|
|
|
|
|
by iwontberude
144 days ago
|
|
You are speaking in tautology. Yes we know that technology investment often leads to great advancement and benefits for humanity, but it is not sufficient to obviate the need for consciousness and reduction of harm. This technology will be used to disenfranchise people and we need to be willing to say, "no, try again." Not to stop advancement, but to steer it into being more equitable. We should be trying to optimize for the best combination of risk and benefit, not taking on unlimited risk in the promise of some non-zero benefit. Your approach is very much take-it-or-leave-it which leaves very little room for regulating the technology. The GenAI industry lobbying for a moratorium on regulation is them trying to hand wave any disenfranchisement (e.g. displaced workers, youth mental health, intellectual property rights violated, systemically racist outcomes, etc). |
|
I 100% support this stance, it's good advice for life in general. I object to the ridiculous Luddite's view espoused elsewhere in this thread.

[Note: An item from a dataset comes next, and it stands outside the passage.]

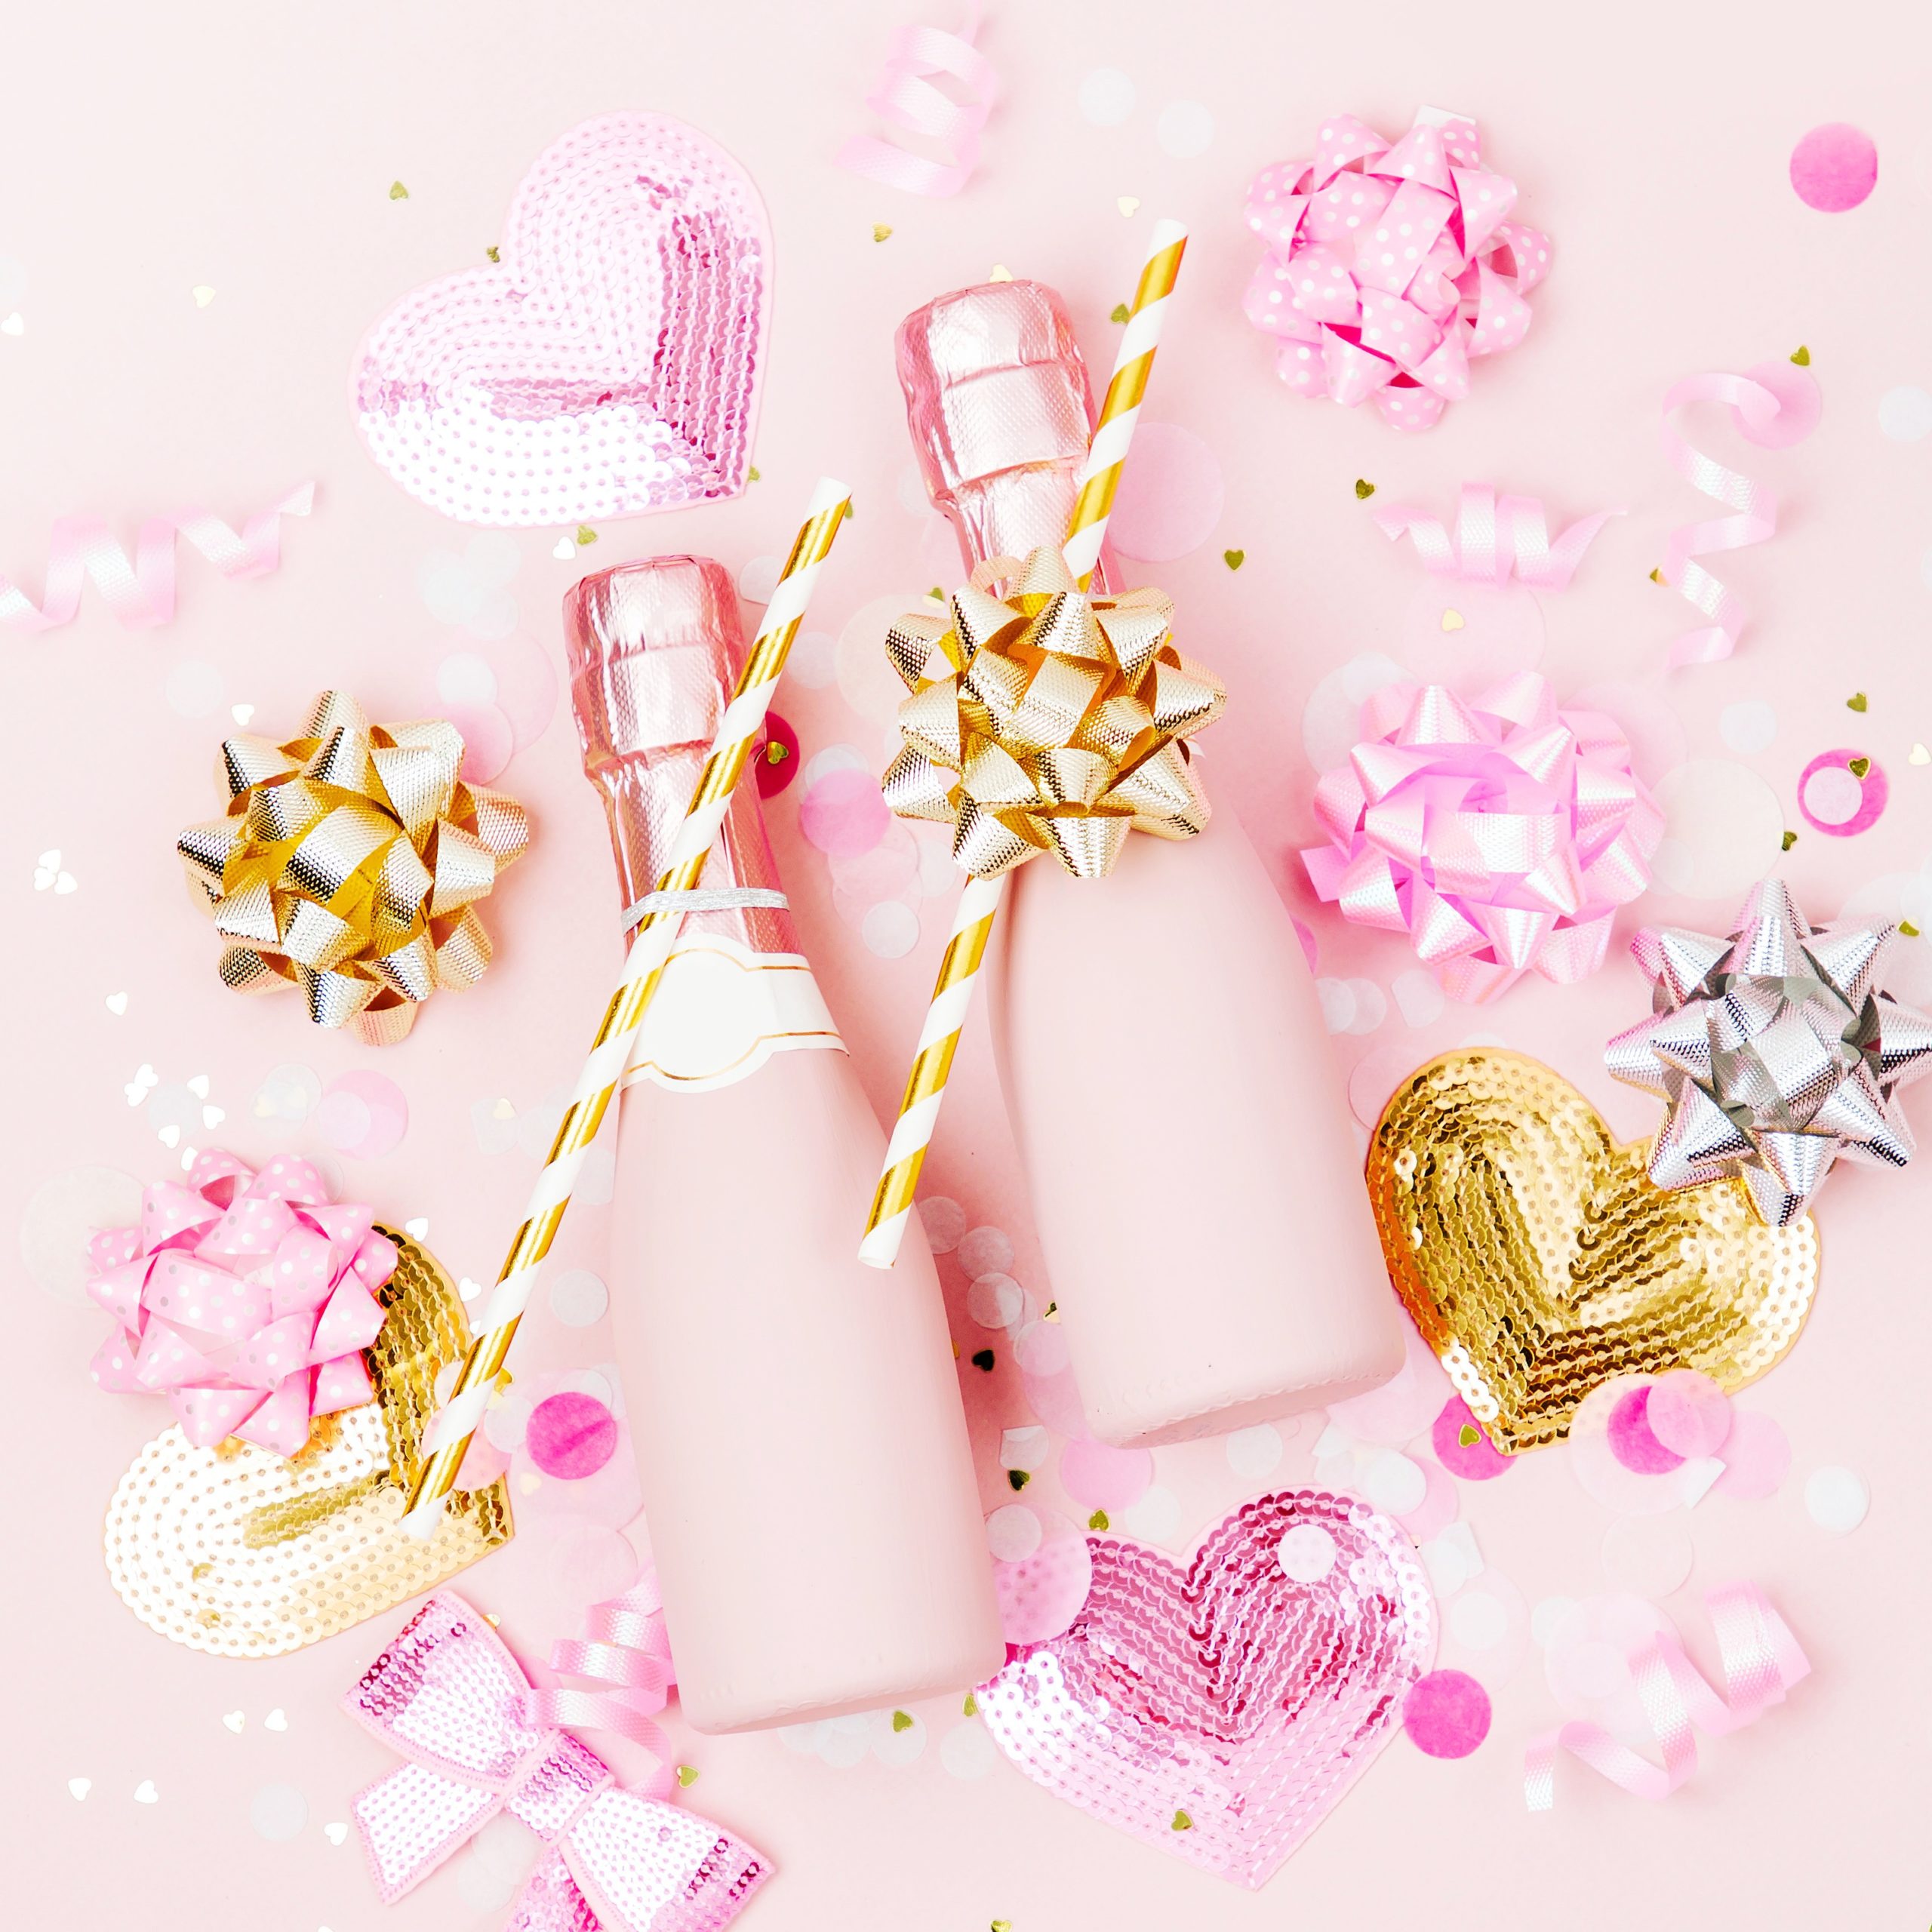 <img src="pink.jpg" alt="pink champagne bottles valentine's day date ideas"/>

>The GenAI industry lobbying for a moratorium on regulation is them trying to hand wave any disenfranchisement (e.g. displaced workers, youth mental health, intellectual property rights violated, systemically racist outcomes, etc).
There must be a balance certainly. We can't "kill it before it's born", but we also need to be practical about the costs. I'm all in on debating exactly where that line should be, but object to the idea that it provides no value at all. That's madness, and dishonesty.